O Homem, ao nascer, não sabe nada, ao contrário de todos os outros animais. O ser humano aprende quase tudo o que lhe é necessário para sobreviver com a sociedade, seja na célula mais minúscula – a família – seja nos mais complexos ambientes; vai-se conformando com as regras ou rebelando com algumas – neste caso, fica sujeito às sanções de ordem jurídica ou de ordem moral – mas sempre aprendendo. A sociedade, sendo absolutamente indispensável ao Homem, condiciona-o e, por conseguinte, “educa-o”, porque a educação é, na verdade, um processo de condicionalismo comportamental (a conduta exterior passa pela “ordem” em que se põe o conduta mental).
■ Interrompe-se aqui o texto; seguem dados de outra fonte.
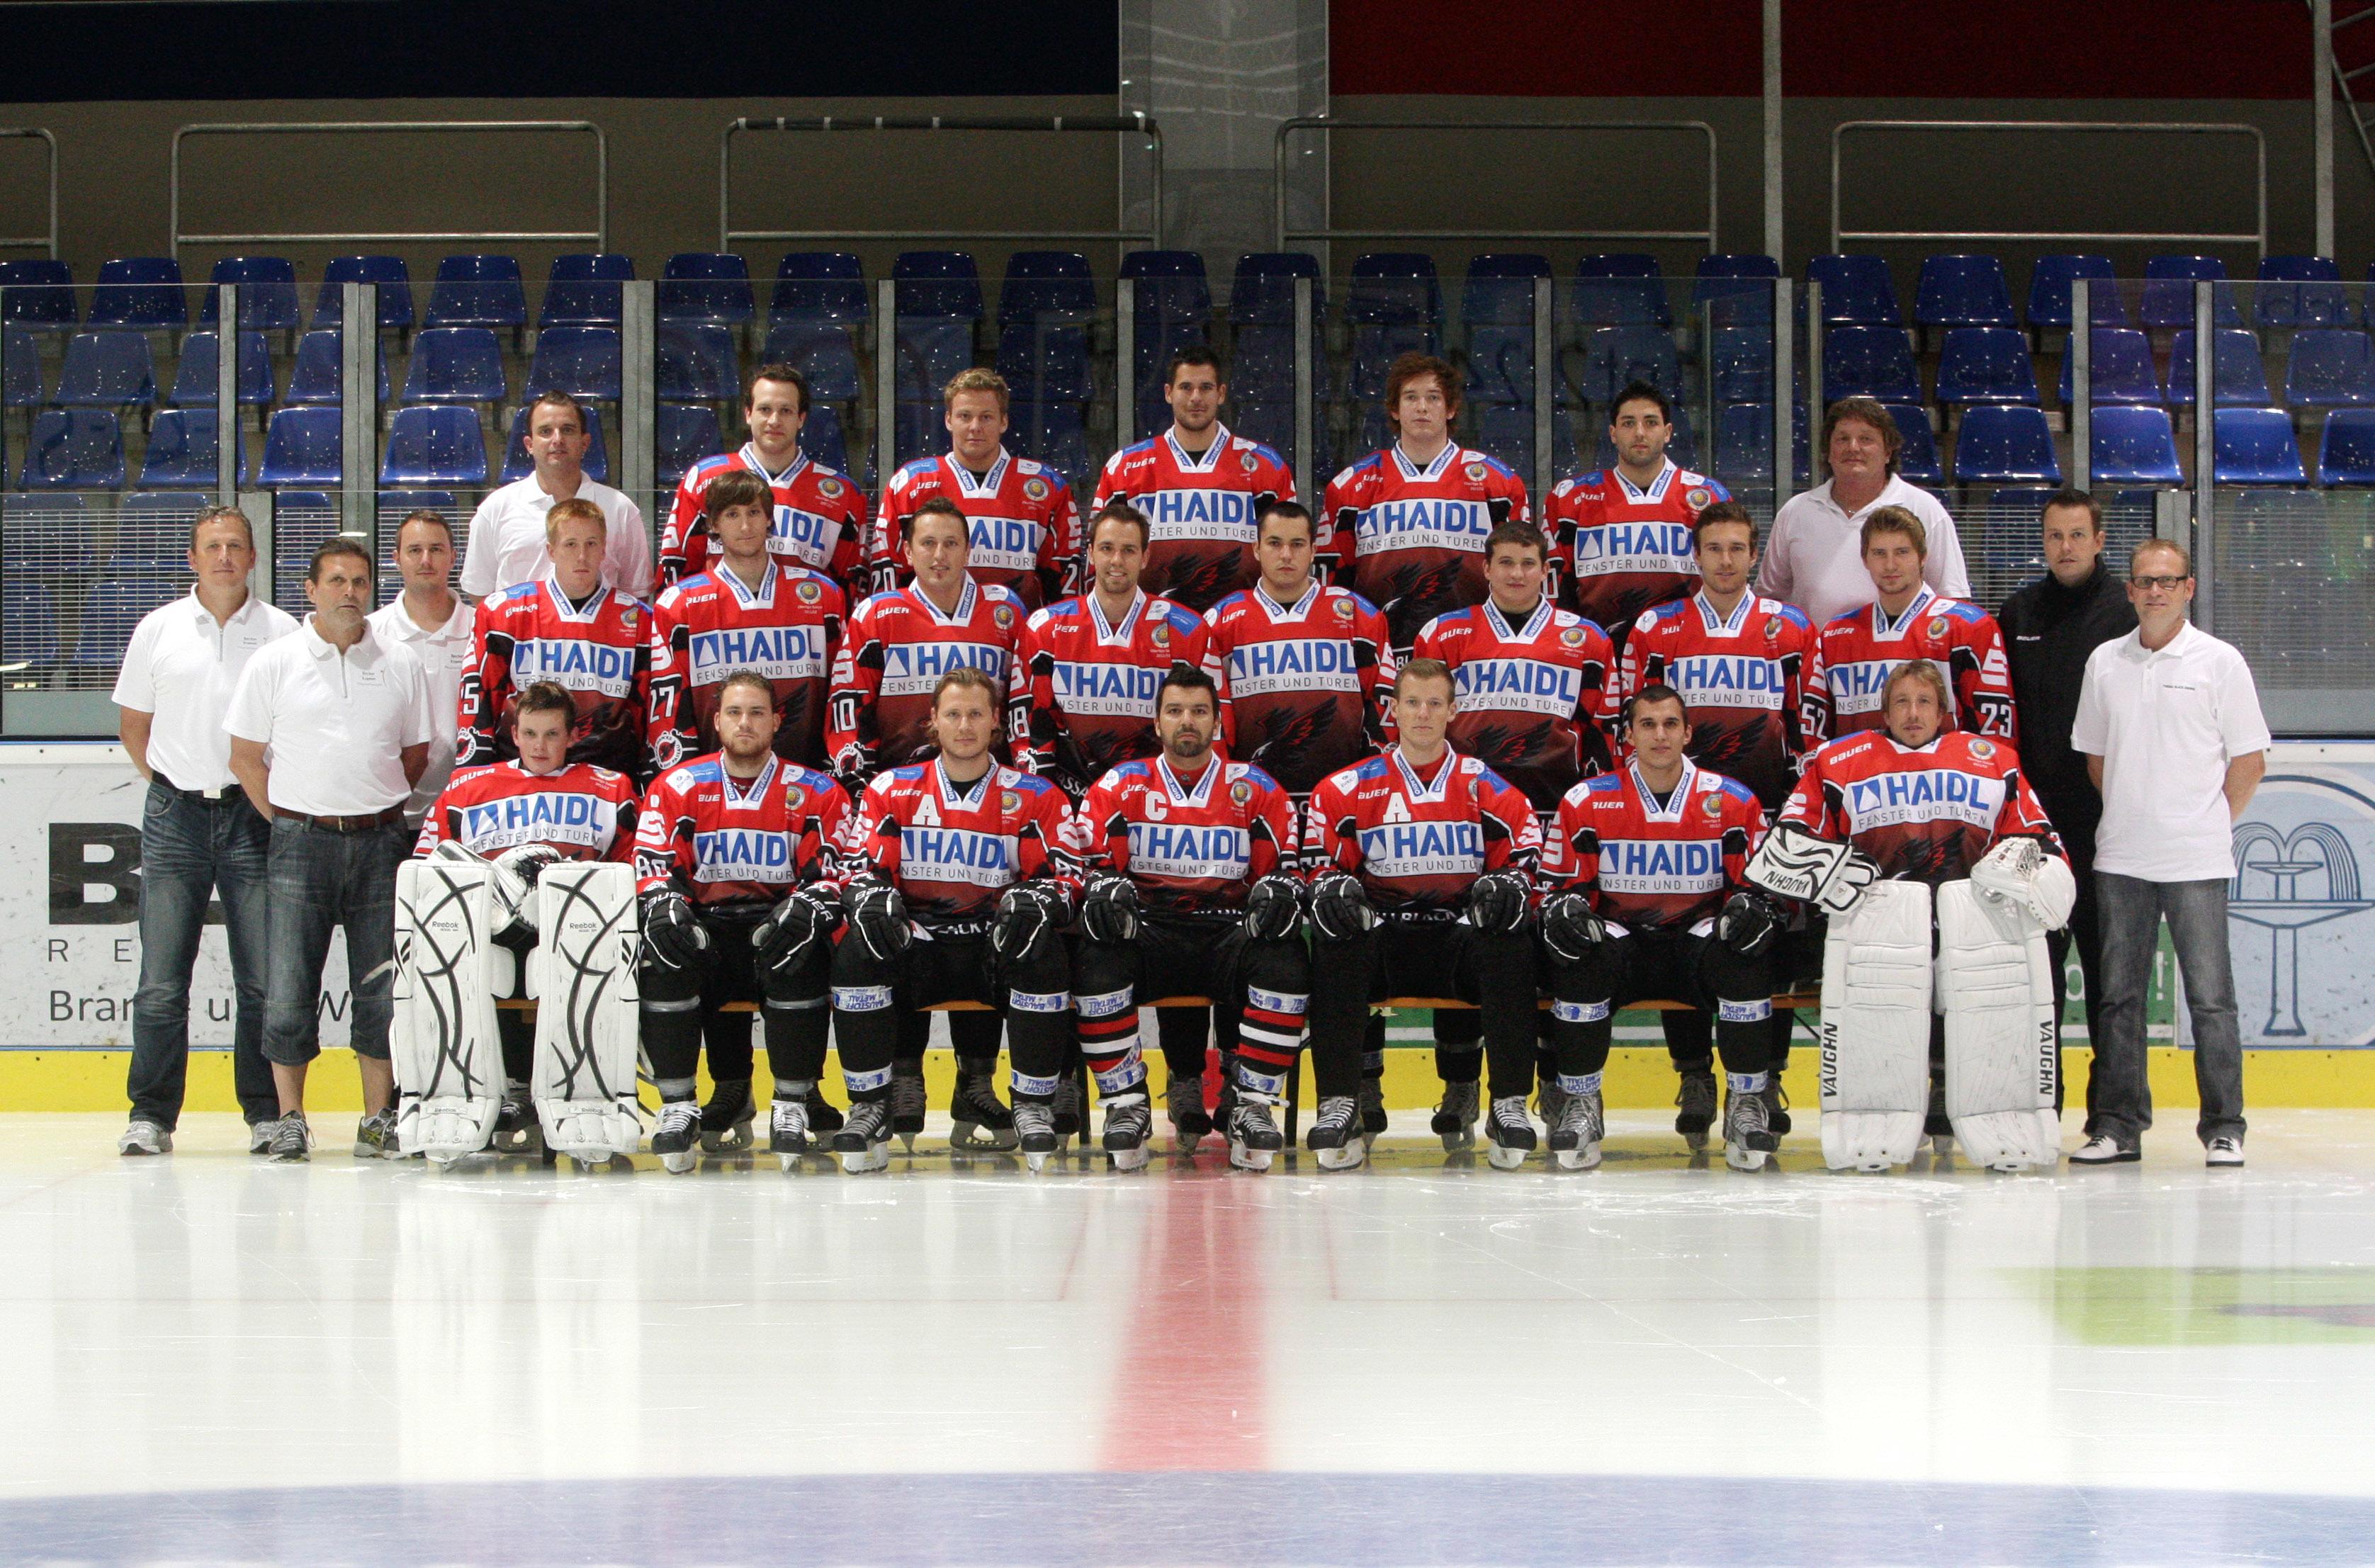 Kader 2011/12   1. Eishockey Fanclub Passau e. V.

Esta aquisição de saberes imposta pela sociedade é aquela que acompanha o Homem por toda a vida. E que ninguém se diga capaz de lhe fugir.
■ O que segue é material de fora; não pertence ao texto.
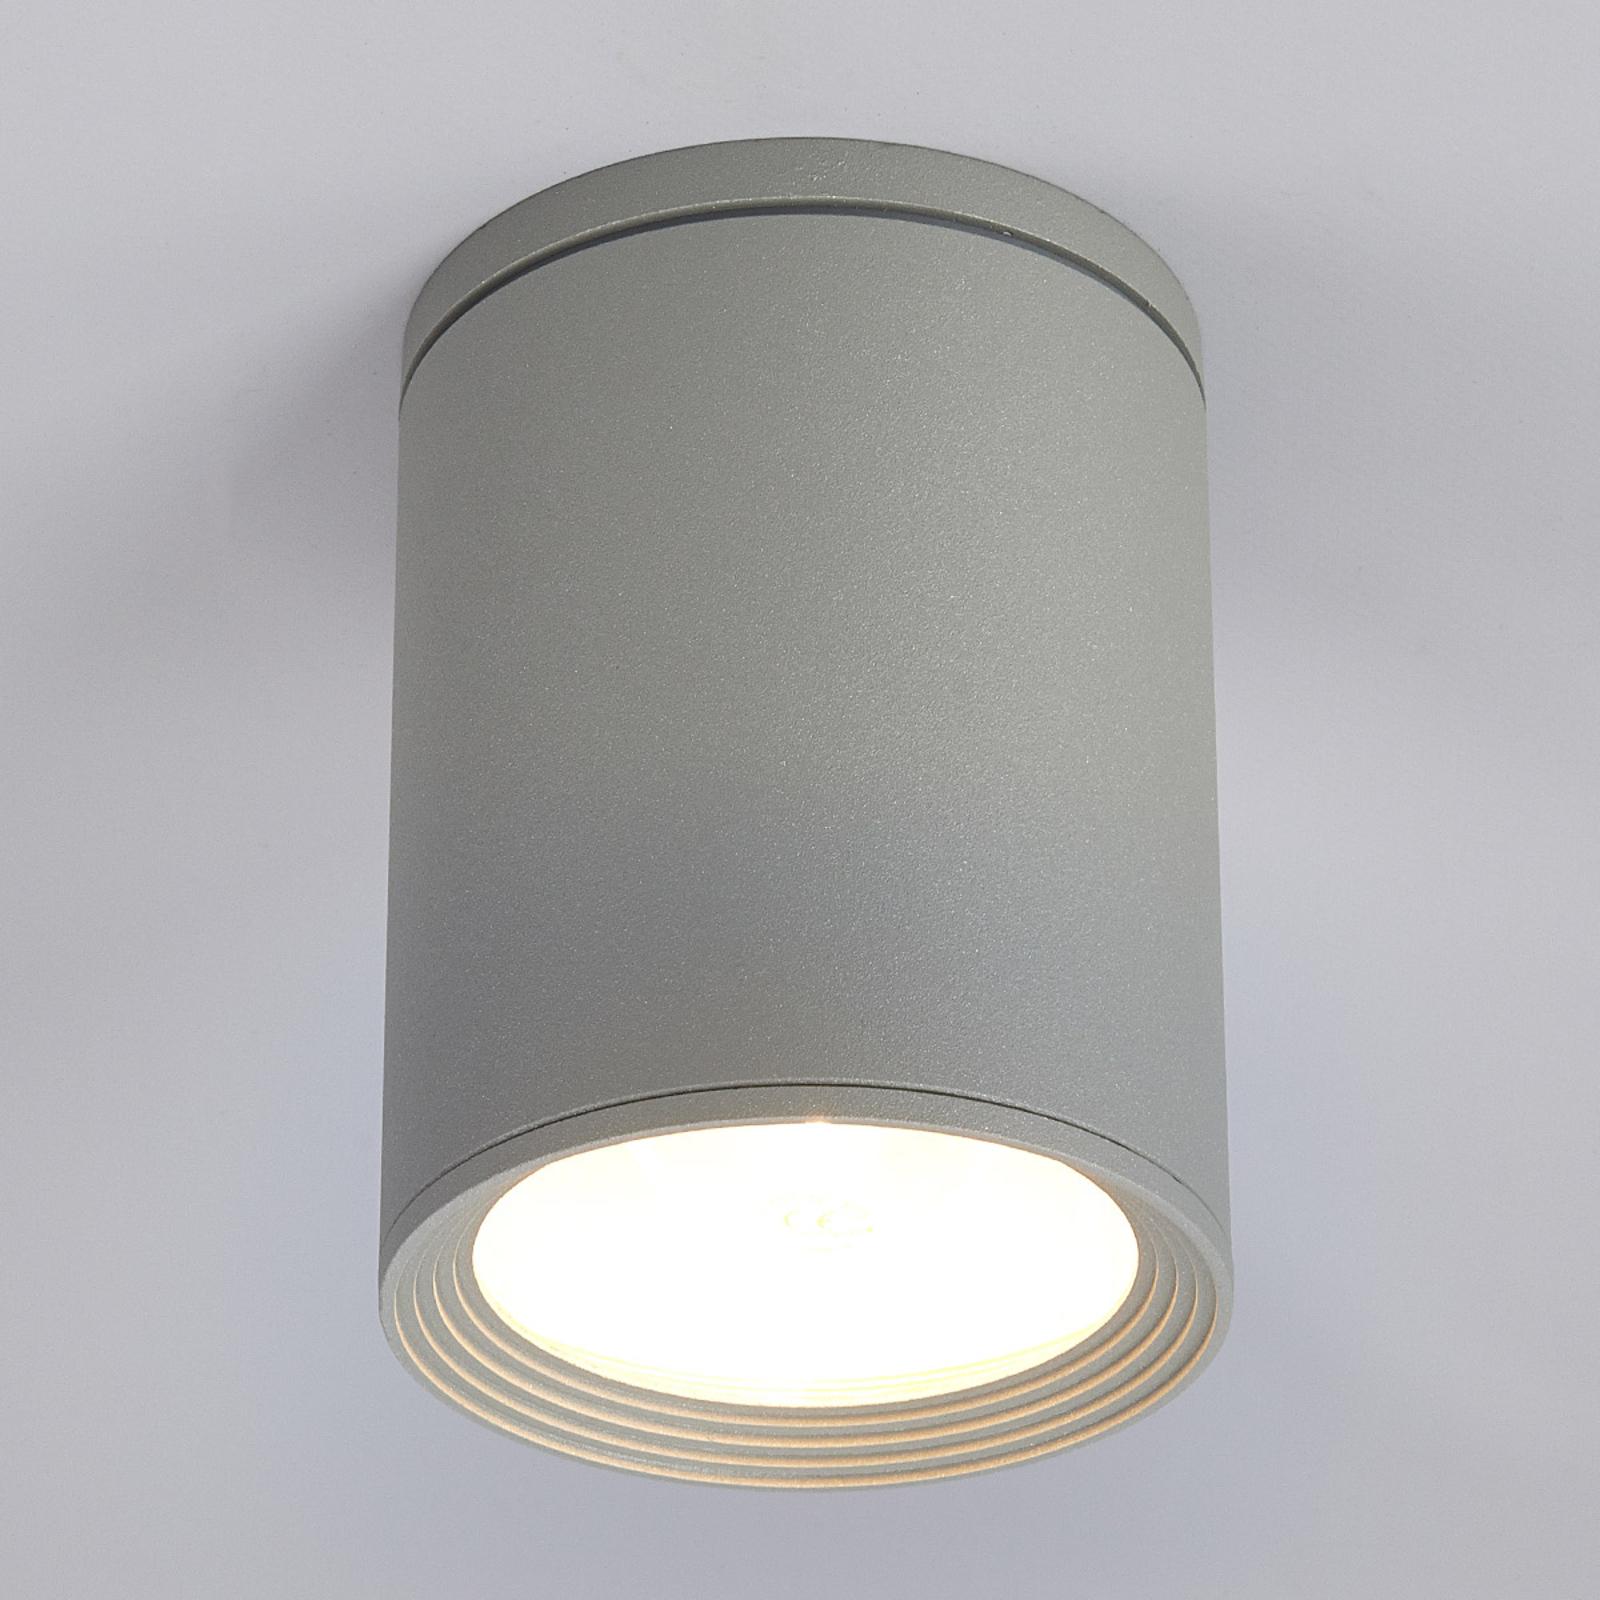 Okrągły reflektor sufitowy Minna, szaro-srebrny

A aquisição de saberes por autodidactismo não é só aquela que passa pelo estudo voluntário de determinadas matérias, como muita gente julga. É autodidacta aquele que lê o jornal, vê a televisão, vai ao cinema, lê romances, frequenta museus e exposições de pintura, fotografia, escultura e outras manifestações ditas artísticas, vai a concertos musicais. Isto é autodidactismo, porque todos temos a oportunidade de escolher ver, estar e ouvir, mas só alguns fazem um esforço no sentido de adquirir mais conhecimento, ou seja, adquirir mais saber. Erradamente, ou por mera conveniência, julga-se somente autodidacta aquele que estuda uma determinada matéria. Não é autodidacta quem se fecha a qualquer tipo de aprendizagem para além daquela que lhe foi transmitida socialmente.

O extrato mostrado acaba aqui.